An Equity Incentive Program clause establishes a framework for granting company ownership interests, such as stock options or restricted shares, to employees, directors, or consultants. Typically, this clause outlines eligibility, the types of equity awards available, vesting schedules, and the process for granting and exercising these awards. Its core practical function is to align the interests of key personnel with the long-term success of the company, incentivizing performance and retention by offering a stake in the company's future growth.
Equity Incentive Program. During the Term, You shall be eligible to participate in the equity incentive program maintained for senior executive officers of the Company (the "Equity Incentive Program"), with an Equity Incentive Program target opportunity and equity vehicles determined by the Compensation Committee for each year of participation thereunder.

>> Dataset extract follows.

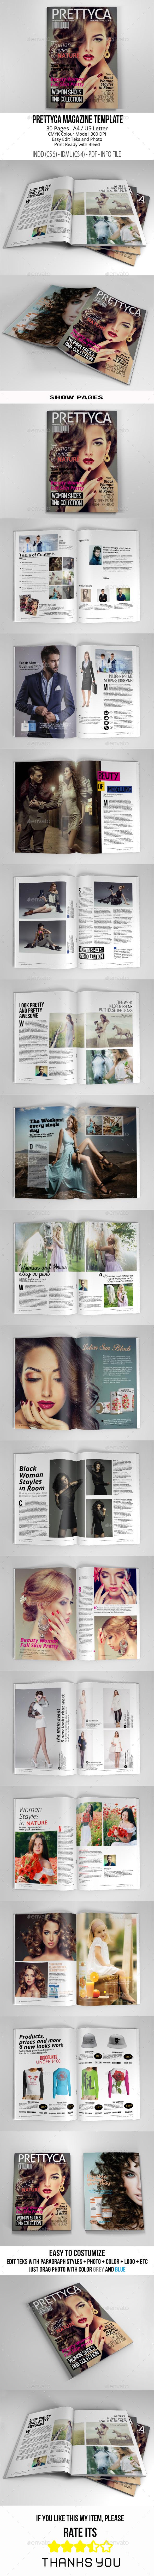 Prettyca Magazine Vol.2 A4/US Letter - Magazines Print Templates

Equity Incentive Program. Executive shall be awarded, subject to the approval of the Compensation Committee, equity incentives with respect to shares of the Company’s common stock (“Shares”), which shall be granted under the Korn Ferry Fourth Amended and Restated 2008 Stock Incentive Plan, as the same may be amended from time to time (or a successor plan). Such annual equity incentives shall be awarded at the same time annual equity grants are awarded to the Company’s other executive officers, beginning with grants following the end of the Company’s 2021 fiscal year. The terms of any equity incentives granted shall be set by the Compensation Committee in its discretion based on the performance of the Company and Executive.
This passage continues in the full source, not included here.